On Wednesday, the Apache Software Foundation announced the release of Cassandra version 1.2, the high performance, highly scalable, Big Data distributed NoSQL database. Cassandra is capable of managing thousands of data requests per second and is used by organizations such as Adobe, Cisco, Constant Contact, Digg, Disney, eBay, Netflix, Rackspace and Twitter.
Key components of the latest release include the following:
•Virtual nodes and clustering across virtual nodes
•Node to node communication
•Version 3 of the Cassandra Query Language (CQL) to simplify the modeling of applications, enable more powerful mapping and facilitate superior database design
Jonathan Ellis, Vice President of Apache Cassandra, reflected on the significance of the Cassandra 1.2 release as follows:
We are pleased to announce Cassandra 1.2. By improving support for dense clusters —powering multiple terabytes per node— as well as simplifying application modeling, and improving data cell storage/design/representation, systems are able to effortlessly scale petabytes of data.
Here, Ellis notes that one of the key functionality upgrades specific to Cassandra consists of enhanced support for dense clusters featuring several terabytes per node. The conjunction of the platform’s improved support for dense clusters with its streamlined application modeling capability and superior design abilities allows for vastly improved scalability for petabytes of data.

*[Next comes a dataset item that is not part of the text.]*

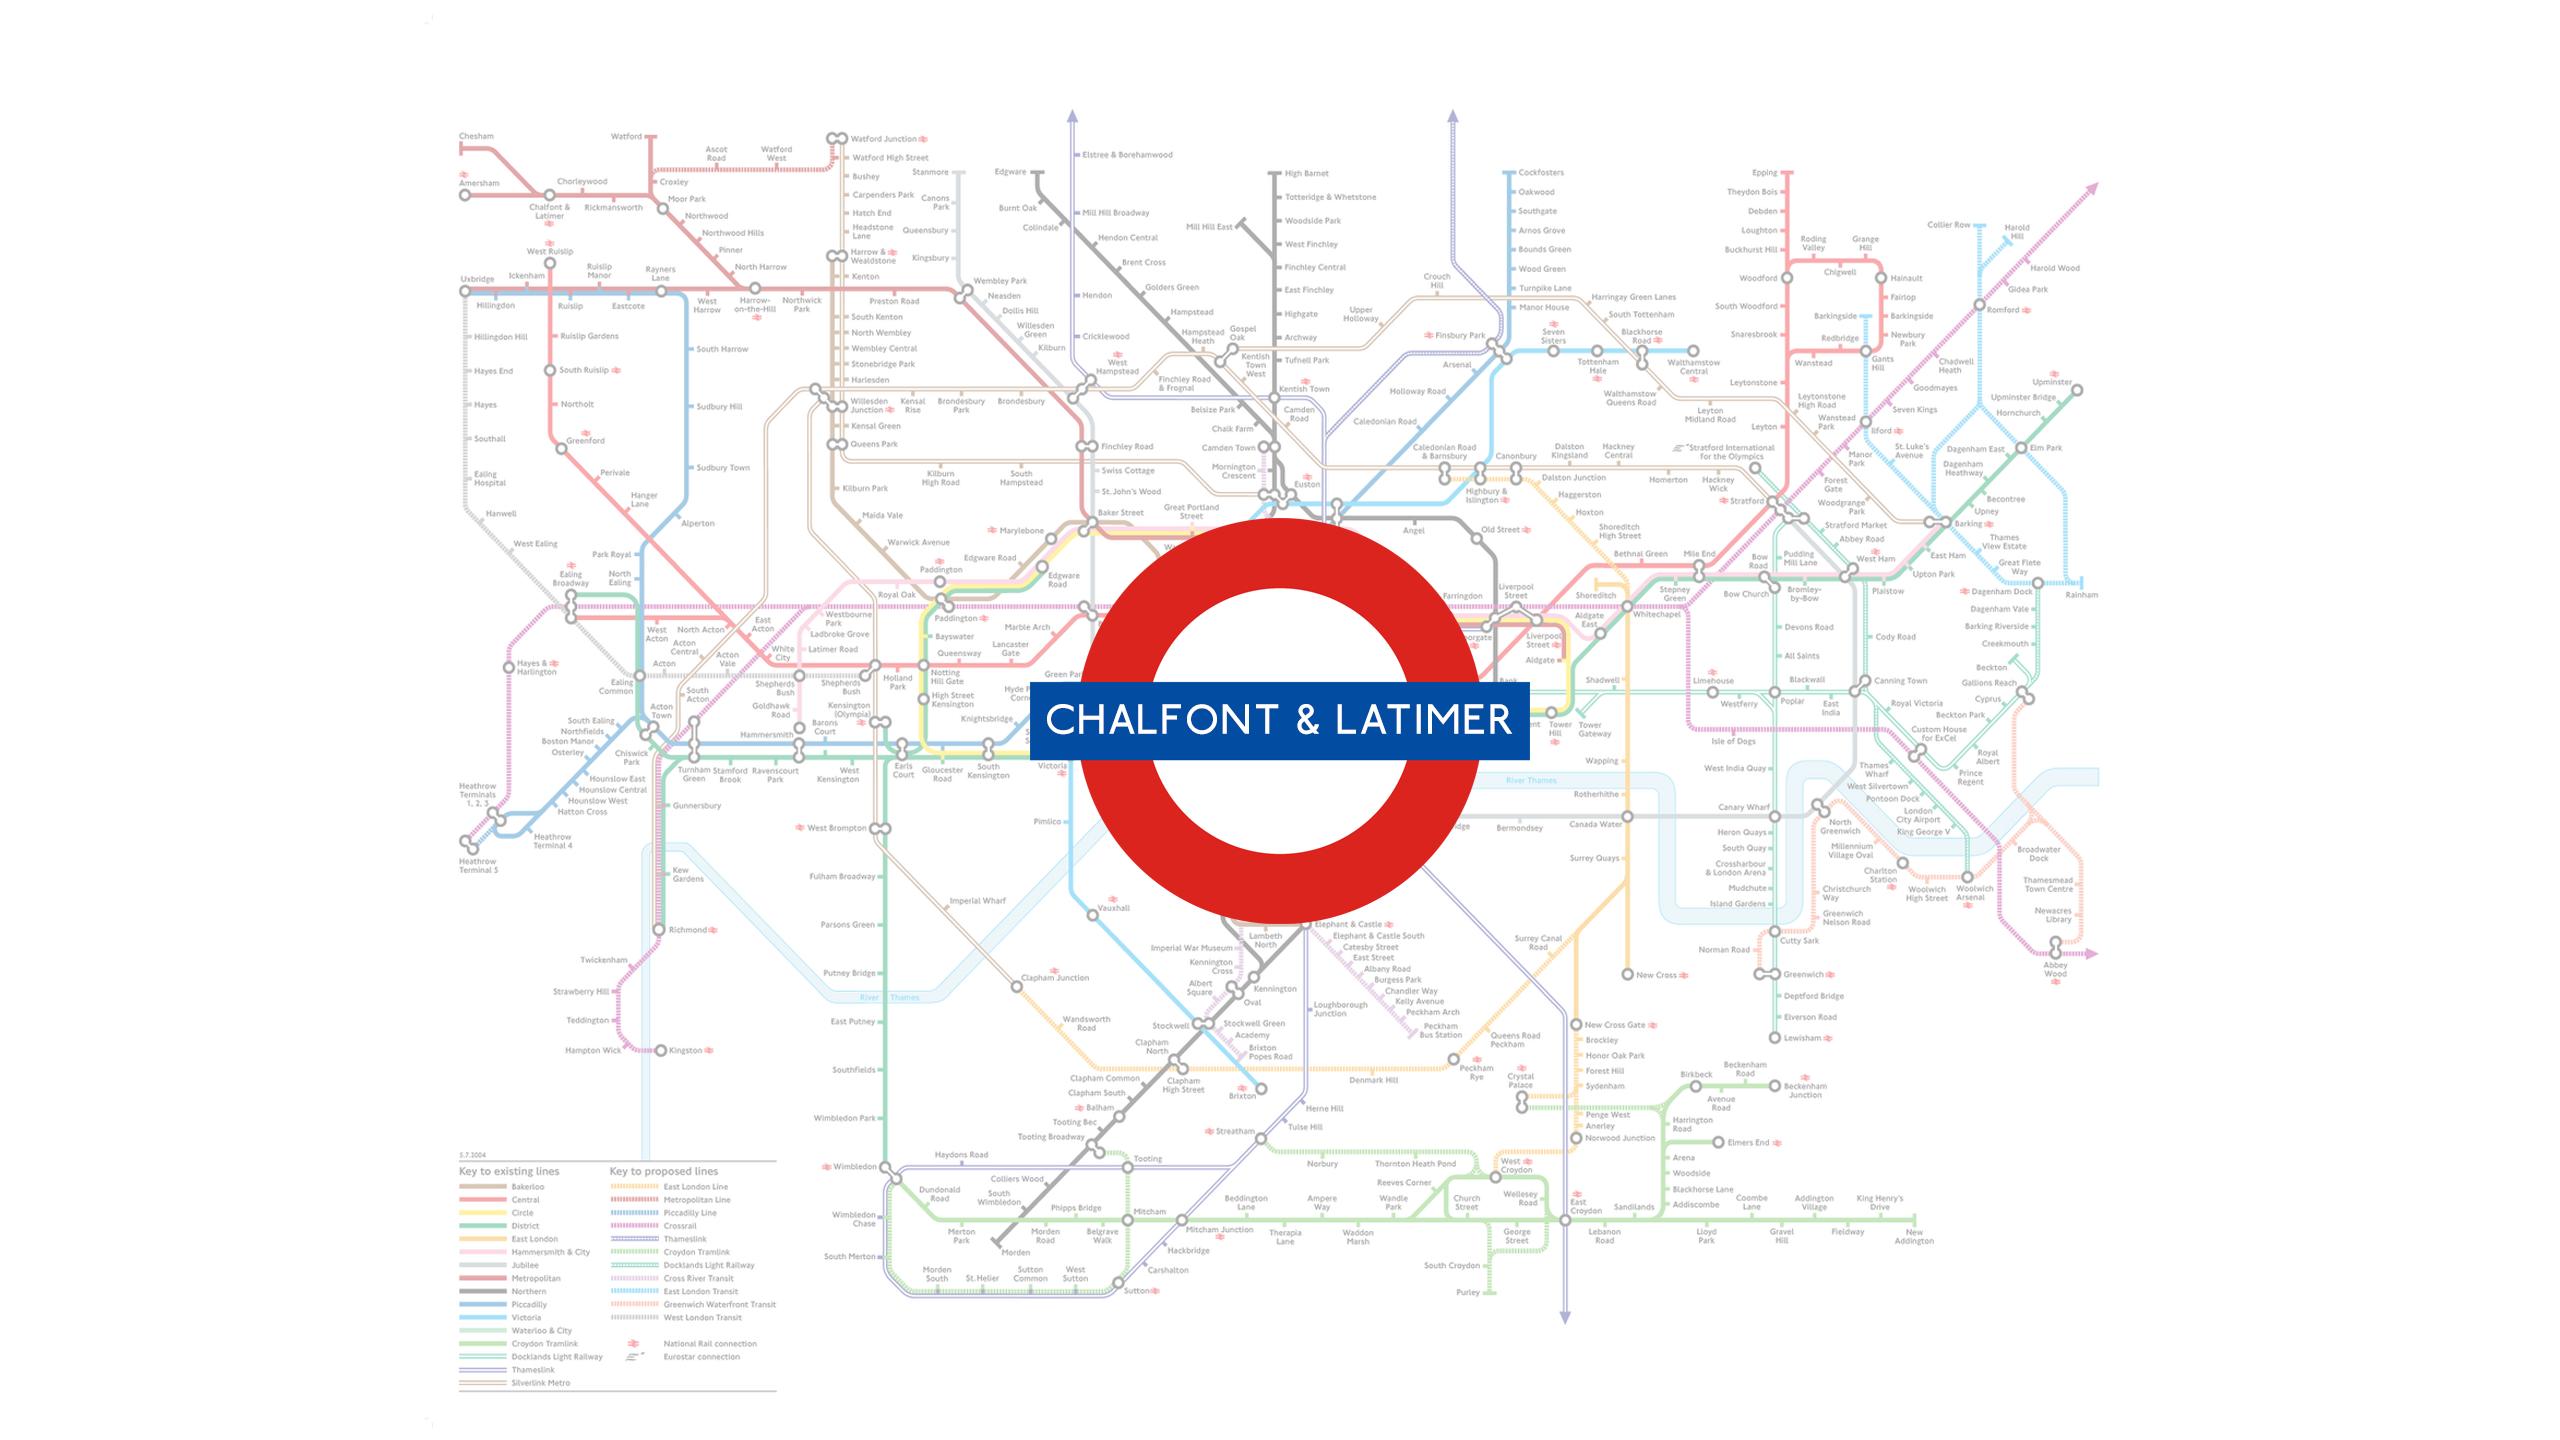 Chalfont & Latimer (Map)

Cassandra users expressed particular enthusiasm for the virtual node and atomic batch components of the new release. Software developer Kelly Sommers elaborated on the significance of Cassandra 1.2’s improved handling of virtual nodes as follows:
In Cassandra v1.2 the introduction of vnodes will simplify managing clusters while improving performance when adding and rebuilding nodes. v1.2 also includes many new features, performance improvements and further heap reduction to alleviate the burden on the JVM garbage collector.
Virtual nodes improves performance, notes Sommers. Meanwhile, reducing the burden on the JVM garbage collector similarly enables notable performance enhancements as detailed by a recent blog post by Twitter, which noted how JVM garbage collector optimization significantly reduced CPU time for Twitter.com, separate from any direct reference to Cassandra.
Improved performance, increased scalabilty and simplified application development represent the three recurring themes from user experiences of the Cassandra 1.2 release. In contrast to Hadoop, Cassandra is known for its ability to handle massive amounts of real-time operational data whereas Hadoop is famed for its ability to deal with batch-based volumes of data. The latest release means that Big Data just got even bigger by virtue of Cassandra 1.2’s performance enhancements and application modeling and database design simplifications.